### WHAT NEEDS TO BE DONE
Locate the line bearing "Enzym nattokinase trong" in the material below, then reproduce it and each following line up to and including the line bearing "Tilbud: VMMELLA Kort".
[SOURCE DATA]
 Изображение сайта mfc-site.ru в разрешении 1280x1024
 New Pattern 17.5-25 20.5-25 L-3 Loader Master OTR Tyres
[/SOURCE DATA]
[SOURCE DATA]
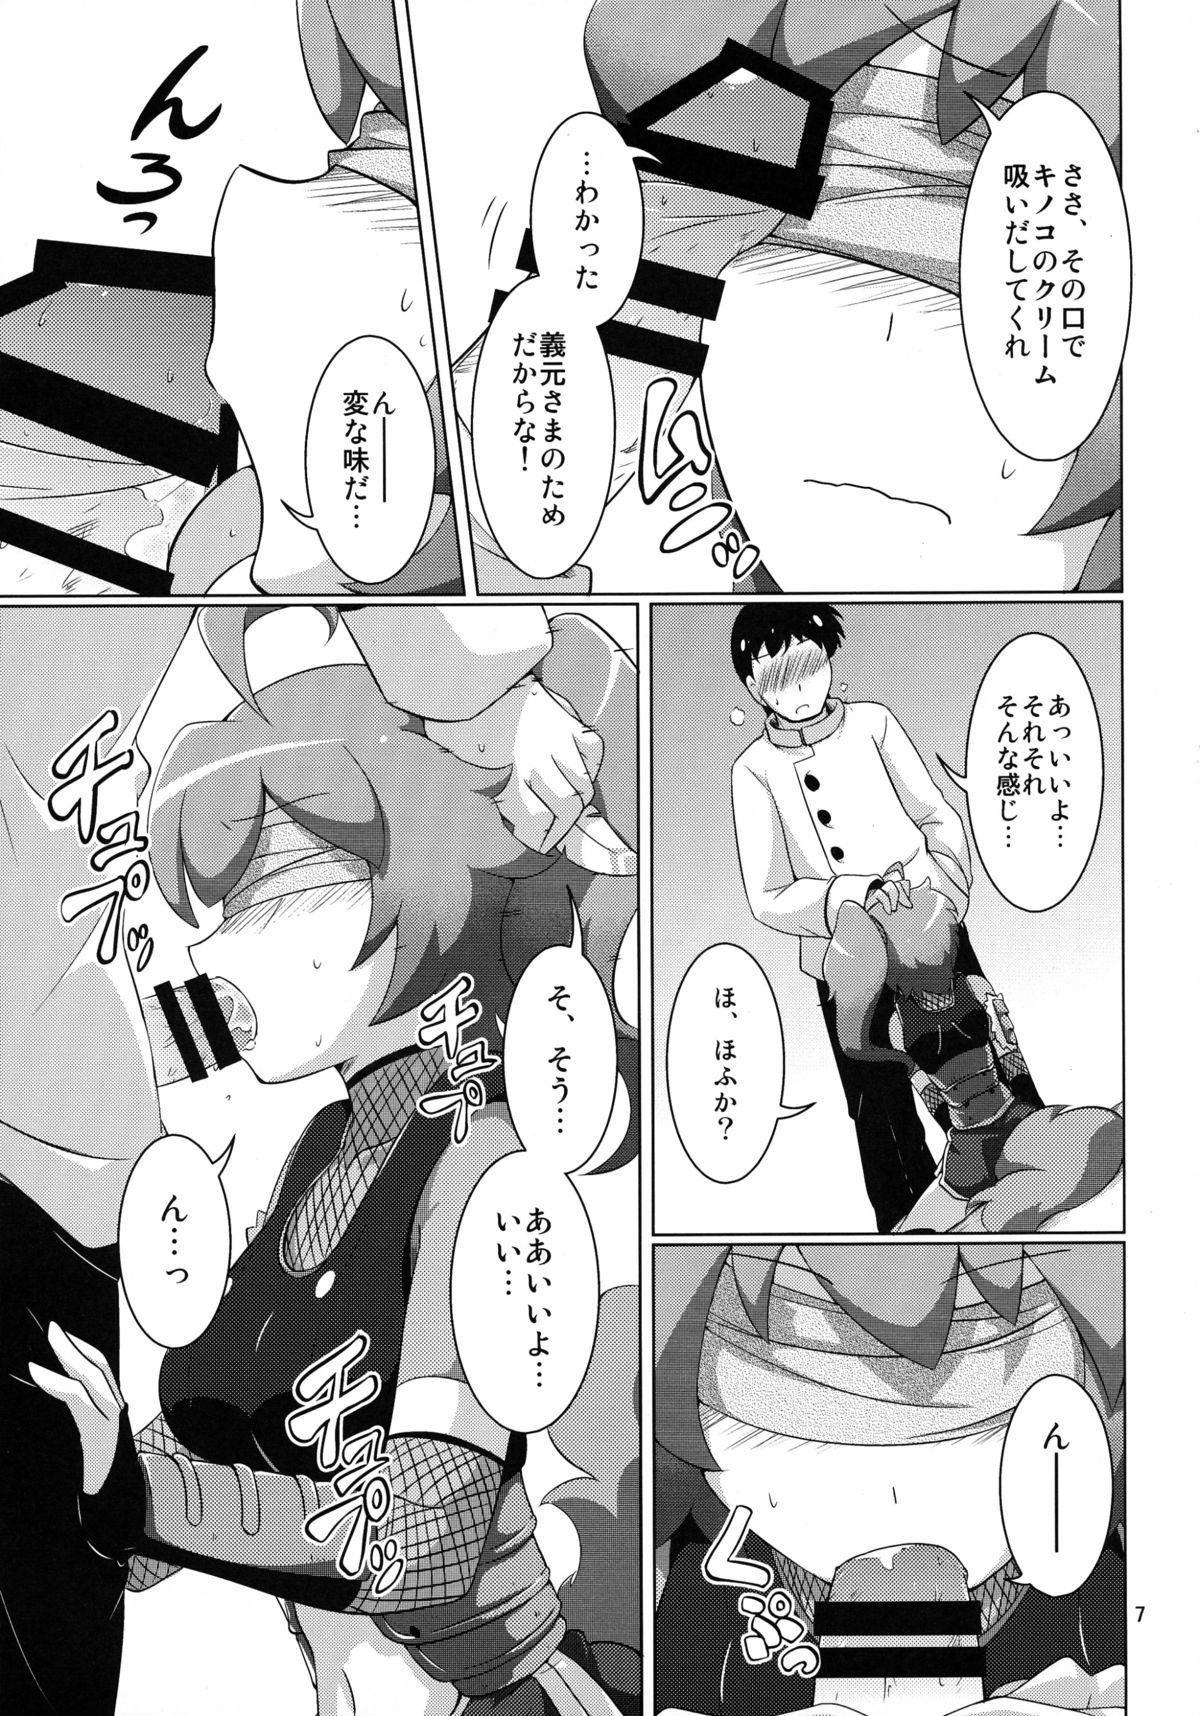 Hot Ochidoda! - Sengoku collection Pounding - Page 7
[/SOURCE DATA]
[SOURCE DATA]
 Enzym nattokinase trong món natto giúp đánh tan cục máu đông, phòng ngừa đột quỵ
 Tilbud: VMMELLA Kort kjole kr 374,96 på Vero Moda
[/SOURCE DATA]
### ANSWER SPACE
 Enzym nattokinase trong món natto giúp đánh tan cục máu đông, phòng ngừa đột quỵ
 Tilbud: VMMELLA Kort kjole kr 374,96 på Vero Moda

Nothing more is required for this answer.